Solution of Ex:2.2 Differential Equations. In exercise 2.2 on page 50 of the seventh edition of “Differential Equations with Boundary-Value Problems” by Dennis G. Zill, several differential equations are solved using separation of variables. Let’s take a look at a few of these solutions.
Solution of Ex:2.2 Differential Equations with Boundary-Value Problems (Book)

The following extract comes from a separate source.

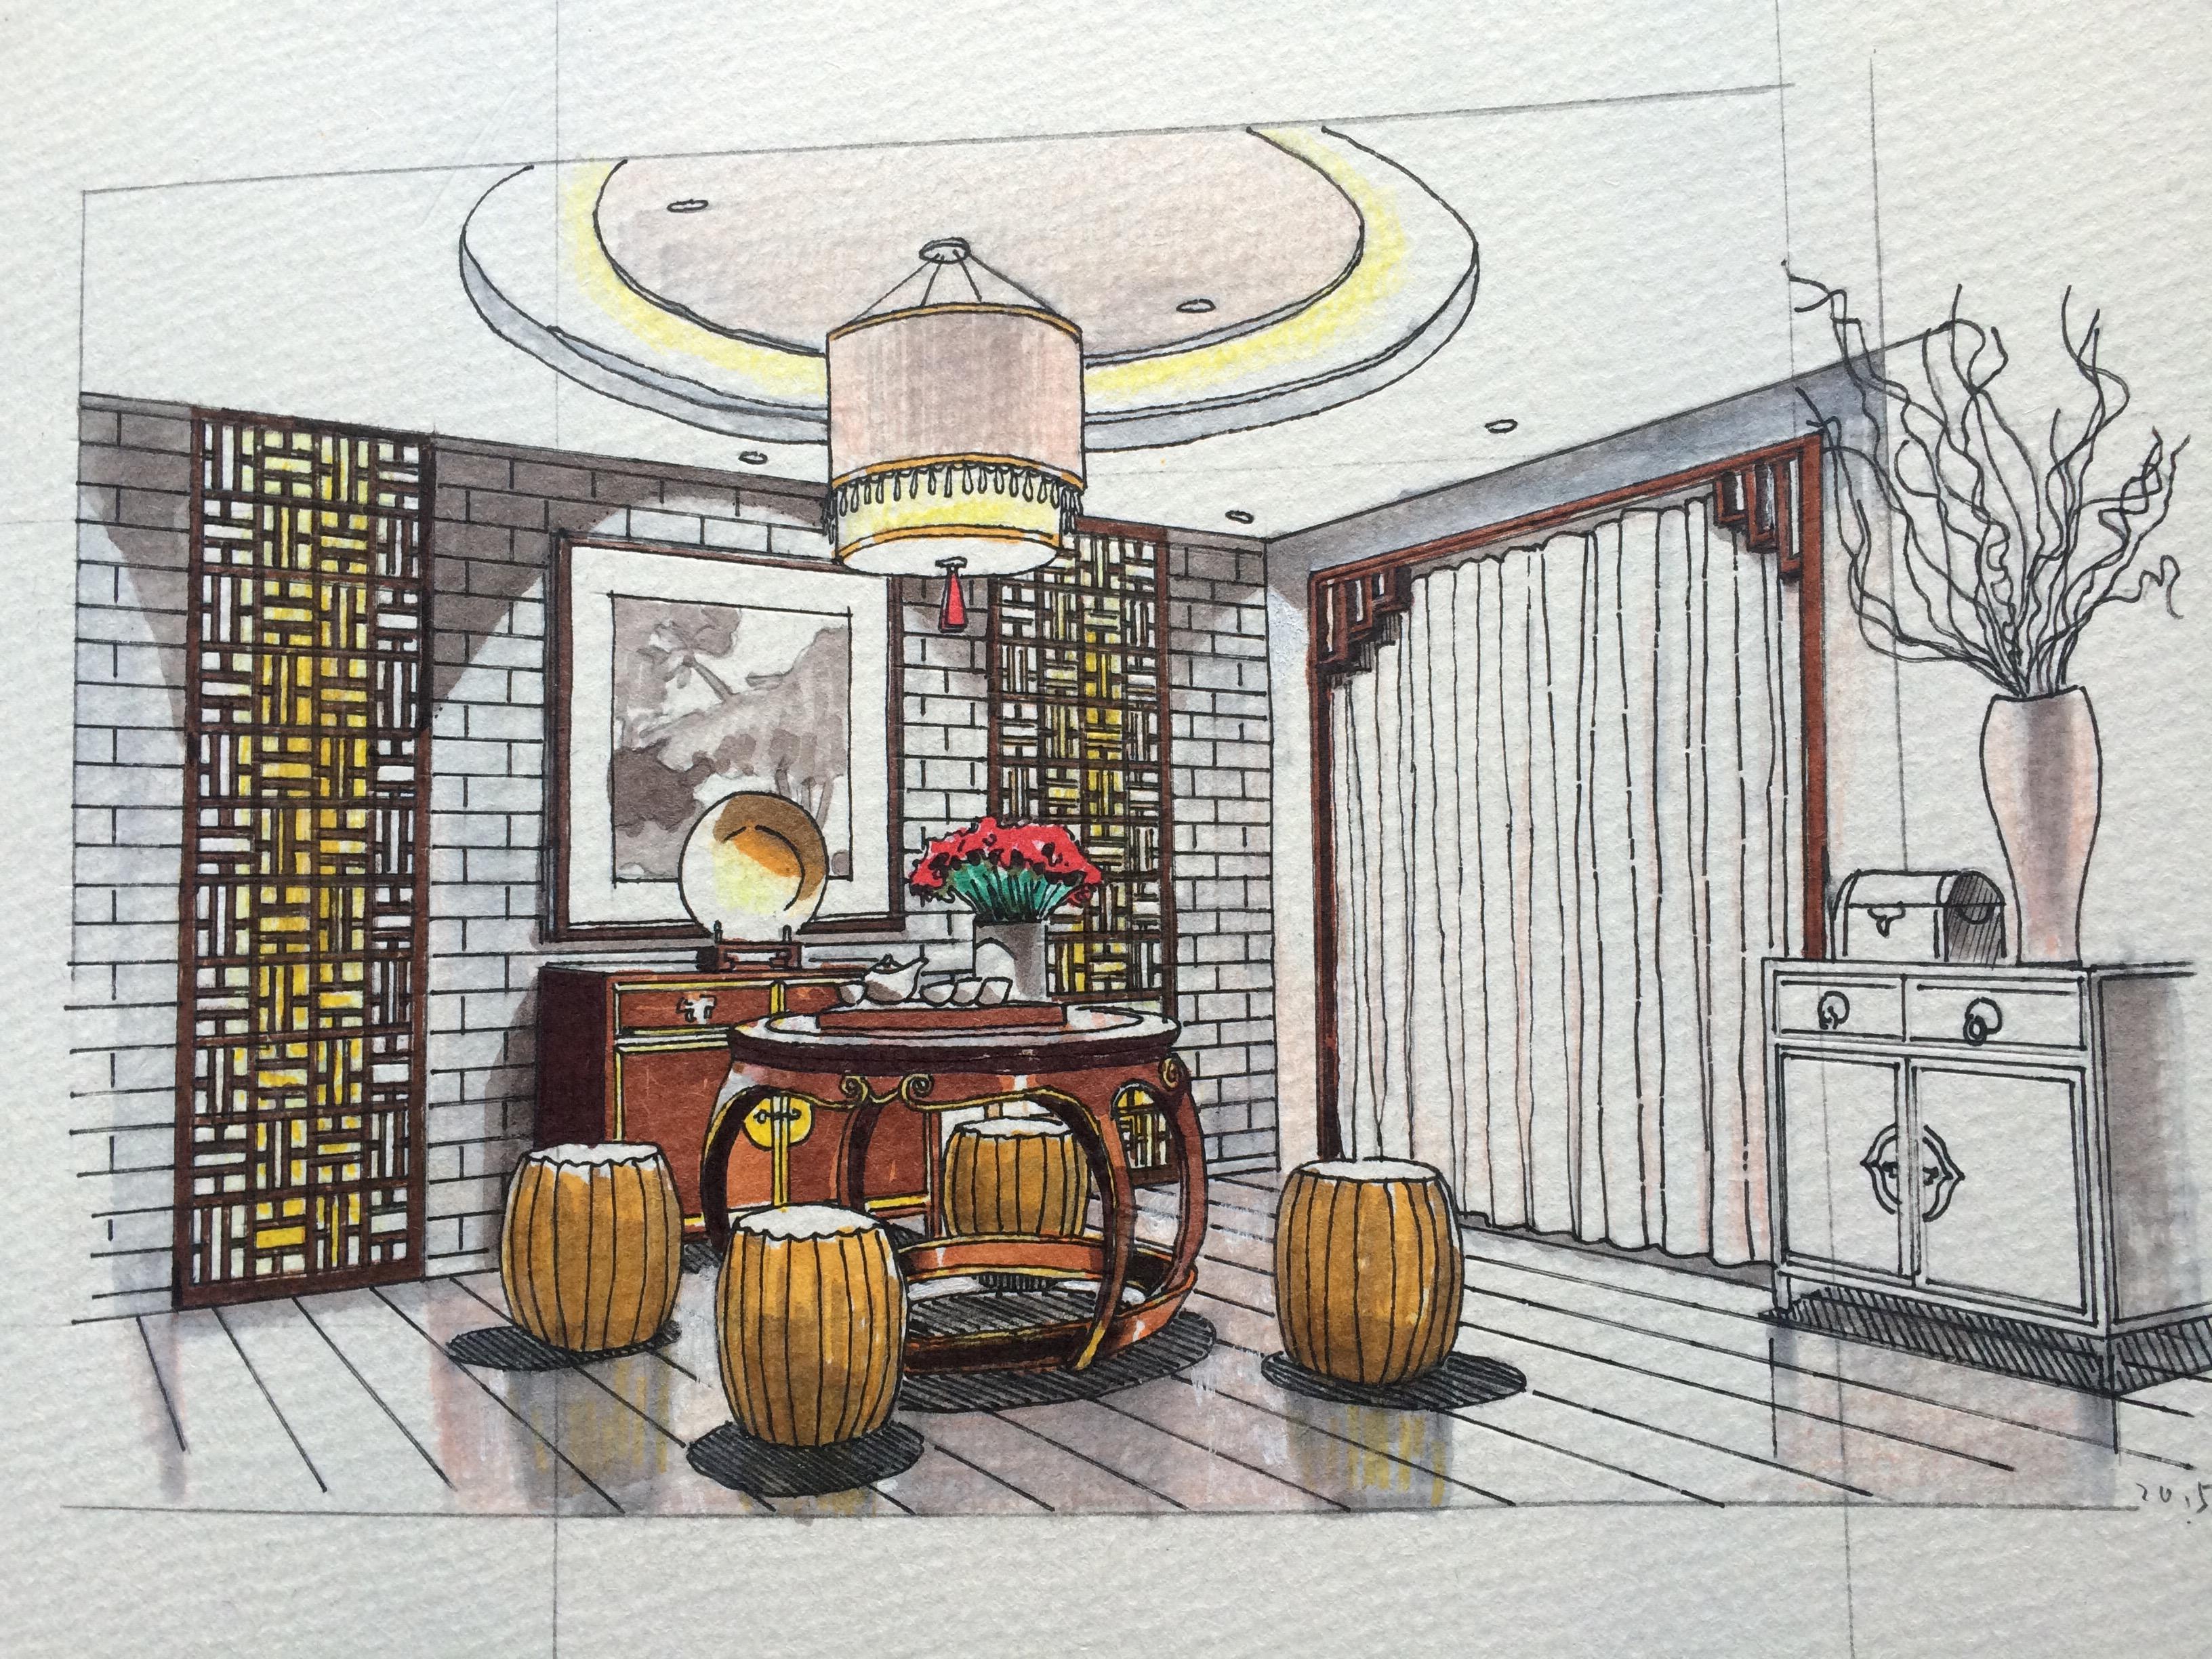 中式风格|空间|室内设计|彩色的斑马 - 原创作品
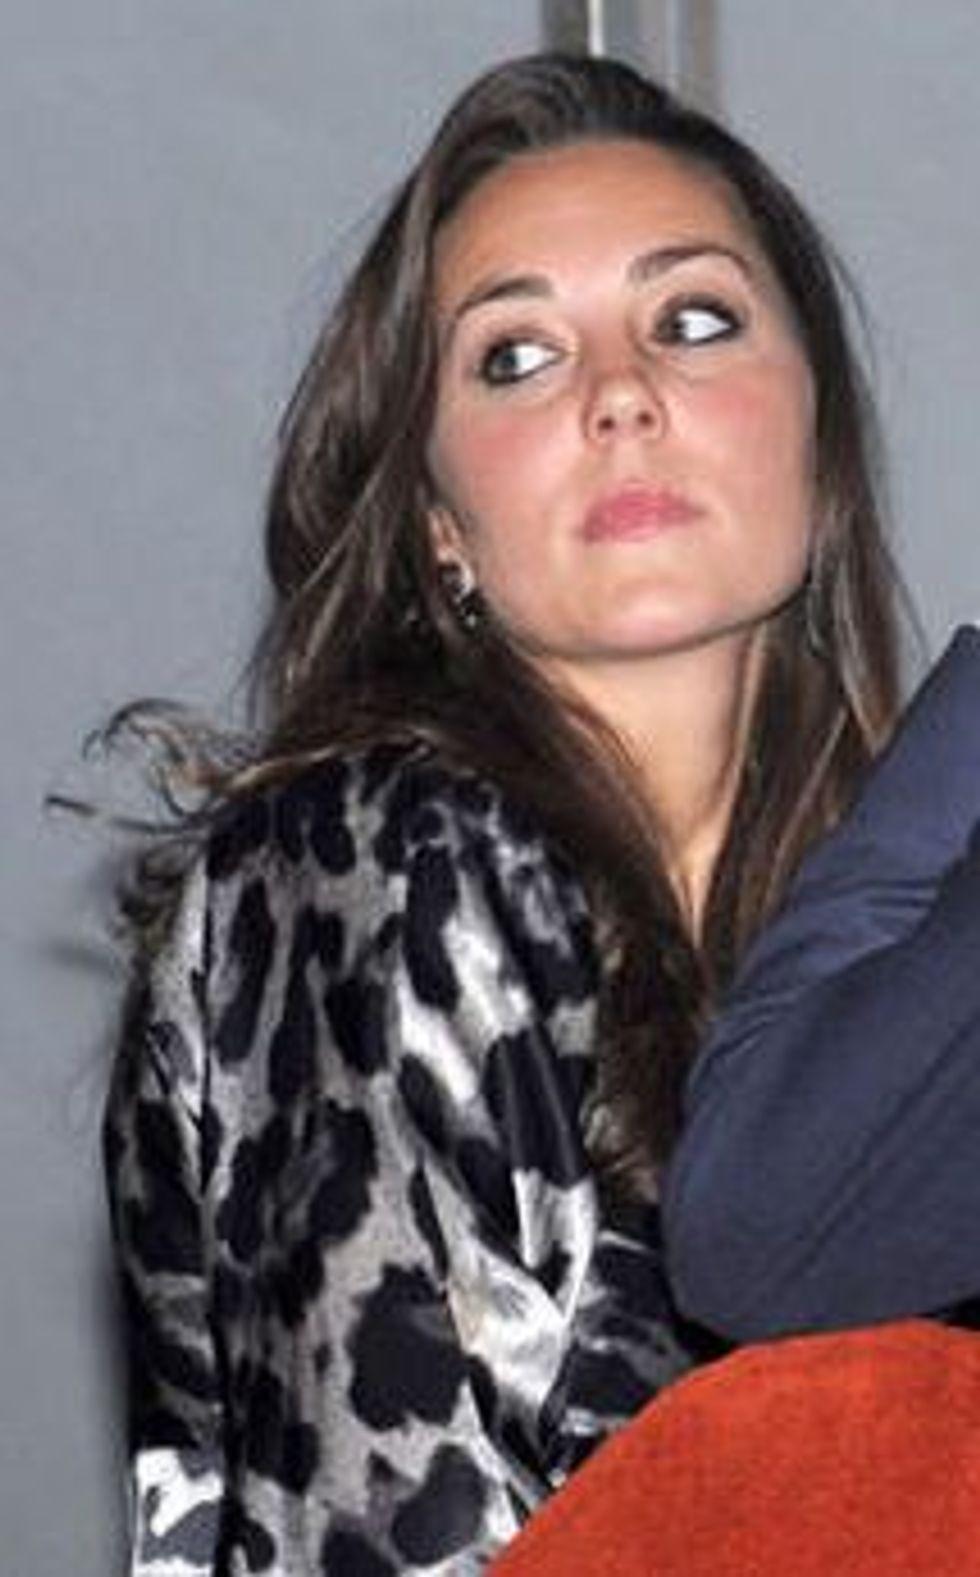 Kate Middleton's Just a Regular Gal

Differential equations are an important topic in mathematics, particularly in applied mathematics, engineering, and physics. They describe the behavior of a system over time, and can help us predict how the system will evolve given certain initial conditions. One common method for solving differential equations is separation of variables. Solution of Ex:2.2 Differential Equations
The first problem involves finding the solution to the differential equation y’ = ky, where k is a constant. We can start by separating the variables: dy/y = k dt. Integrating both sides, we get ln|y| = kt + C, where C is the constant of integration. Exponentiating both sides, we get |y| = e^(kt+C), which simplifies to y = Ae^(kt), where A is a constant.
Another problem involves finding the solution to the differential equation y’ + 2ty = 0. Again, we can separate the variables: dy/y = -2t dt. Integrating both sides, we get ln|y| = -t^2 + C. Exponentiating both sides, we get |y| = e^(-t^2+C), which simplifies to y = Ae^(-t^2), where A is a constant.
A third problem involves finding the solution to the differential equation y’ = 2y(1-y), subject to the initial condition y(0) = 1. We can separate the variables: dy/[y(1-y)] = 2 dt. We can use partial fractions to integrate the left side, which gives us ln|y/(1-y)| = 2t + C. Solving for y, we get y = e^(2t+C) / [1 + e^(2t+C)], where we can use the initial condition to solve for C and get the specific solution y = 1 / [1 + e^(-2t)].
Examples Overview of Differential Equations with Boundary-Value Problems
These examples demonstrate the power of separation of variables in solving differential equations. By separating the variables and integrating, we can often find simple solutions to complex problems. With further study and practice, anyone can become proficient at solving differential equations using separation of variables.